What are the next steps for this patch?

I don't have any action items on my side. Am I missing any? Ready to be merged?



On Sun, 19 Jan 2025 at 11:50, Dmitry Vyukov <dvyukov@...gle.com> wrote:
>
> On Wed, 15 Jan 2025 at 01:30, Namhyung Kim <namhyung@...nel.org> wrote:
> >
> > On Tue, Jan 14, 2025 at 09:26:57AM +0100, Dmitry Vyukov wrote:
> > > On Tue, 14 Jan 2025 at 02:51, Namhyung Kim <namhyung@...nel.org> wrote:
> > > >
> > > > Hello,
> > > >
> > > > On Mon, Jan 13, 2025 at 02:40:06PM +0100, Dmitry Vyukov wrote:
> > > > > There are two notions of time: wall-clock time and CPU time.
> > > > > For a single-threaded program, or a program running on a single-core
> > > > > machine, these notions are the same. However, for a multi-threaded/
> > > > > multi-process program running on a multi-core machine, these notions are
> > > > > significantly different. Each second of wall-clock time we have
> > > > > number-of-cores seconds of CPU time.
> > > > >
> > > > > Currently perf only allows to profile CPU time.
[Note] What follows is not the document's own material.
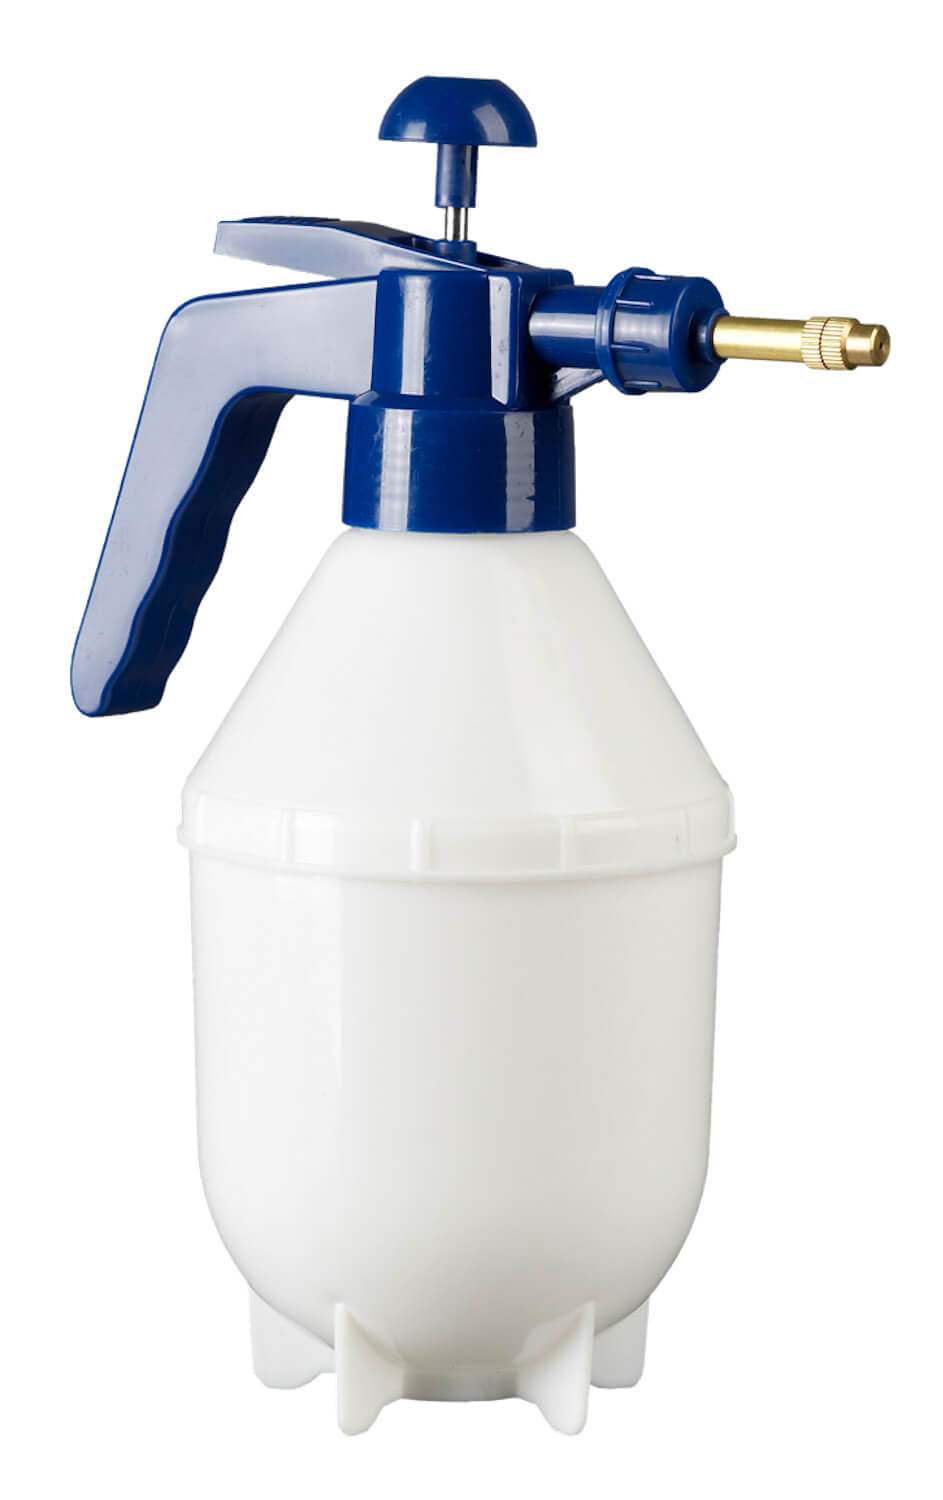 Hochwertiger Industrie-Pump-Zerstäuber mit 1,0 Ltr. PE-Behälter für den professionellen Einsatz in Industrie und Handwerk.

Perf (and all other
> > > > > existing profilers to the be best of my knowledge) does not allow to
> > > > > profile wall-clock time.
> > > > >
> > > > > Optimizing CPU overhead is useful to improve 'throughput', while
> > > > > optimizing wall-clock overhead is useful to improve 'latency'.
> > > > > These profiles are complementary and are not interchangeable.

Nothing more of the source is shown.